WHAT YOU ARE ASKED TO DO —
Go to the line with "Gov. Kristi Noem, tweet" in the material below and copy from there through the line with "Cartoon Witch Flyingon Broomstick PNG", exactly. Pictures are not copied.

EXTRACTED MATERIAL —
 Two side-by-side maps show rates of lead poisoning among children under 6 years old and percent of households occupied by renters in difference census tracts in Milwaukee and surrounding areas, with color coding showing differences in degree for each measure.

==

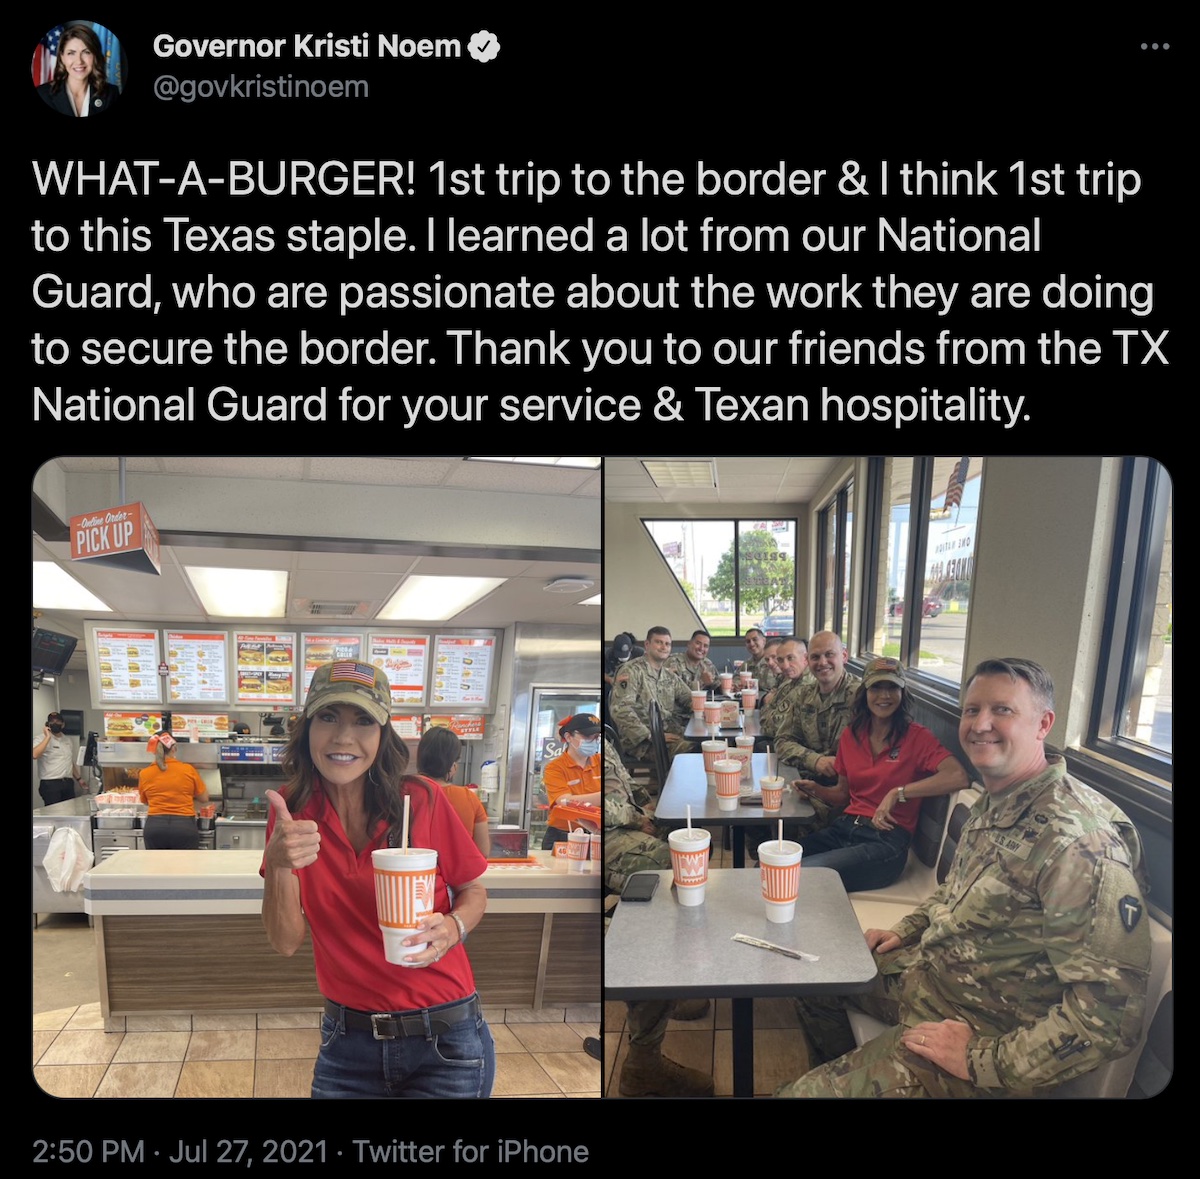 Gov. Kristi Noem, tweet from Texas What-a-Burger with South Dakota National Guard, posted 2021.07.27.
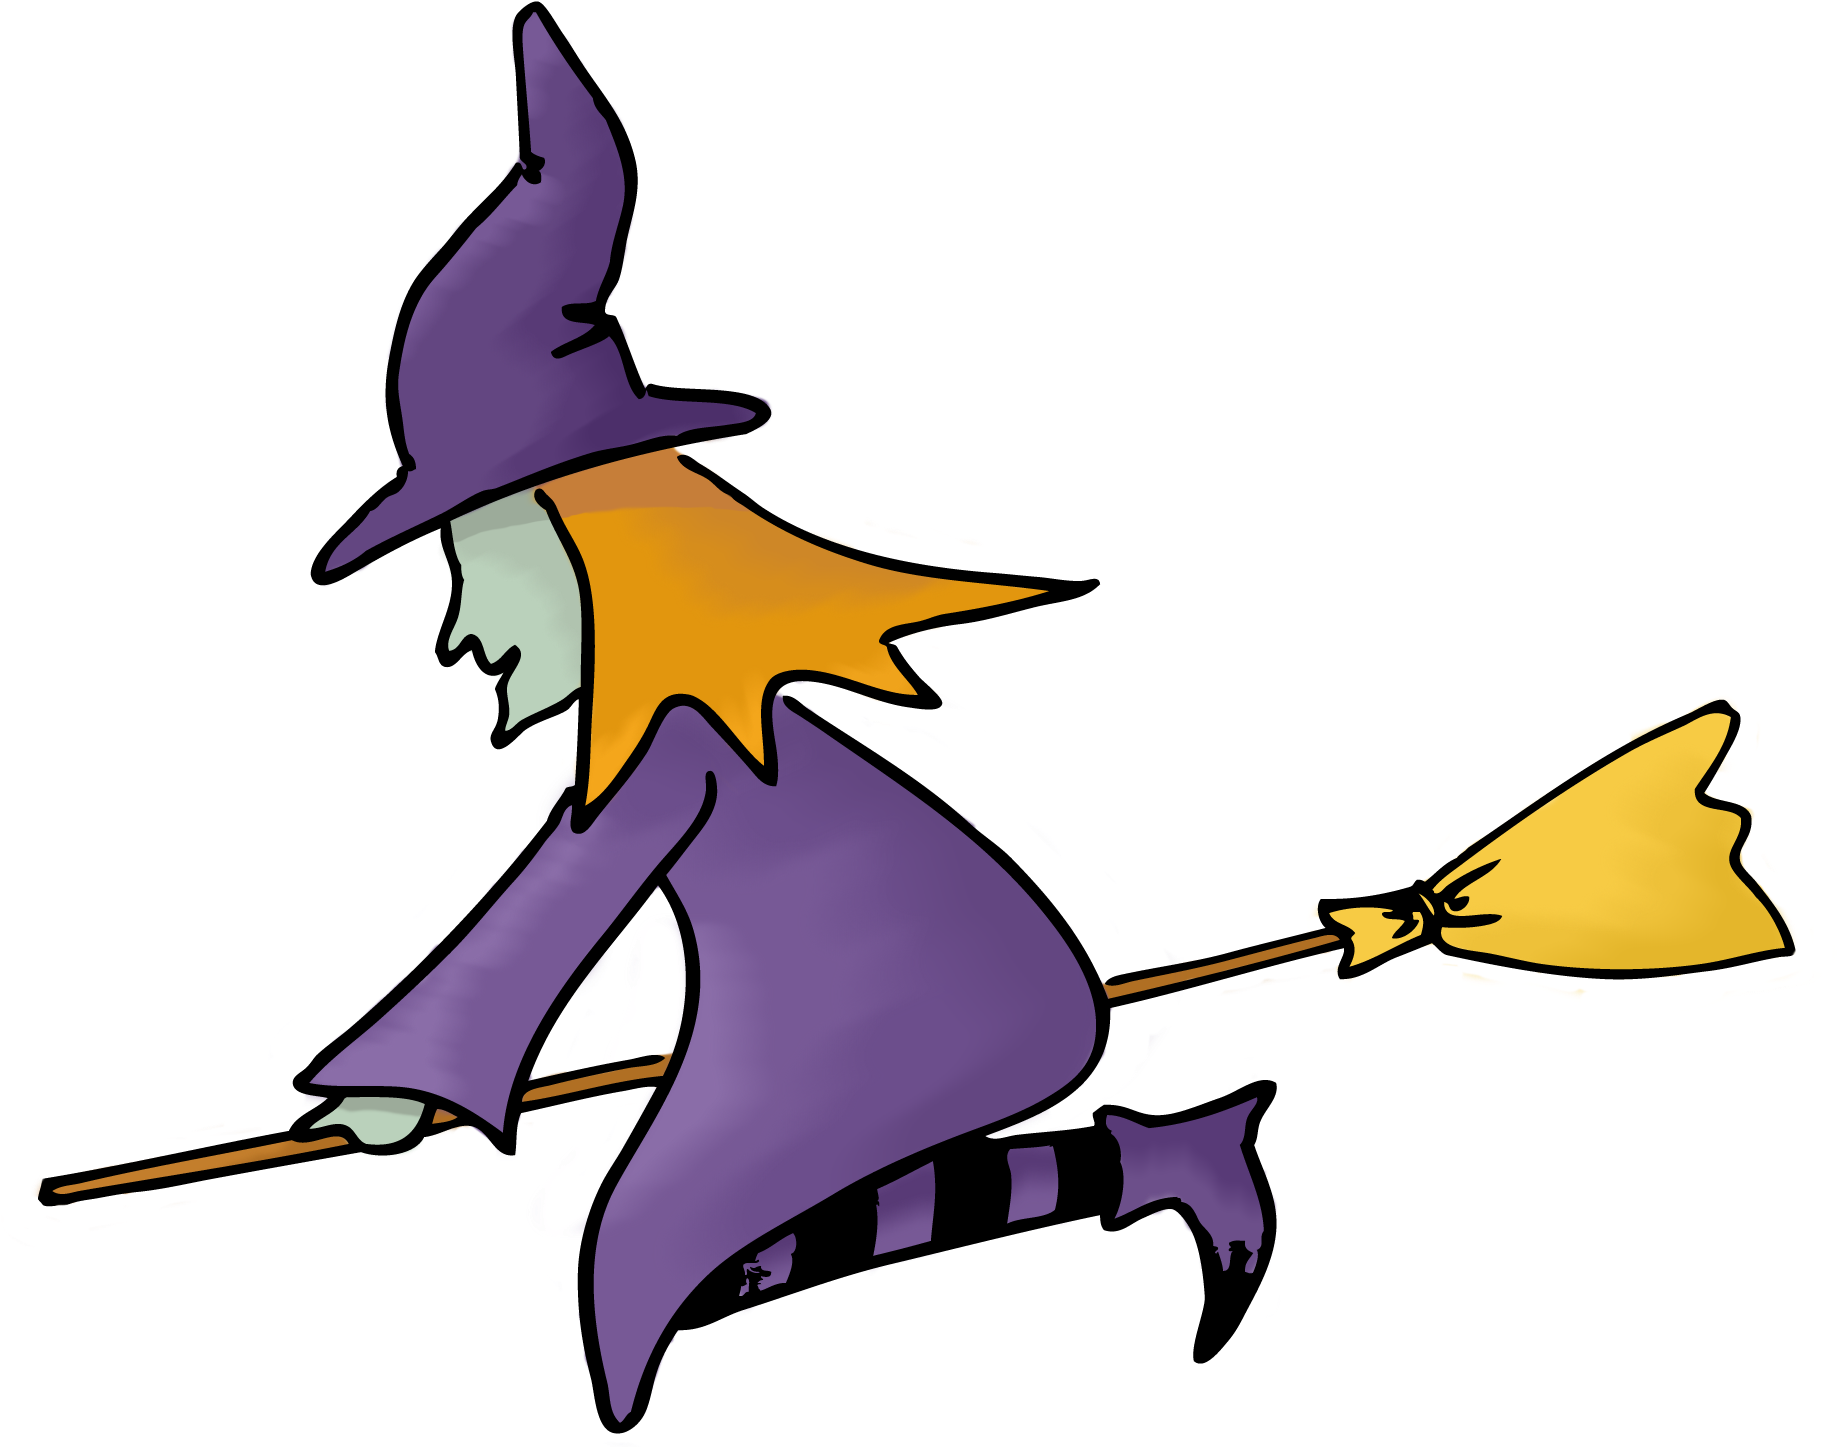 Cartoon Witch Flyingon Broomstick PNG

TASK ANSWER —
 Gov. Kristi Noem, tweet from Texas What-a-Burger with South Dakota National Guard, posted 2021.07.27.
 Cartoon Witch Flyingon Broomstick PNG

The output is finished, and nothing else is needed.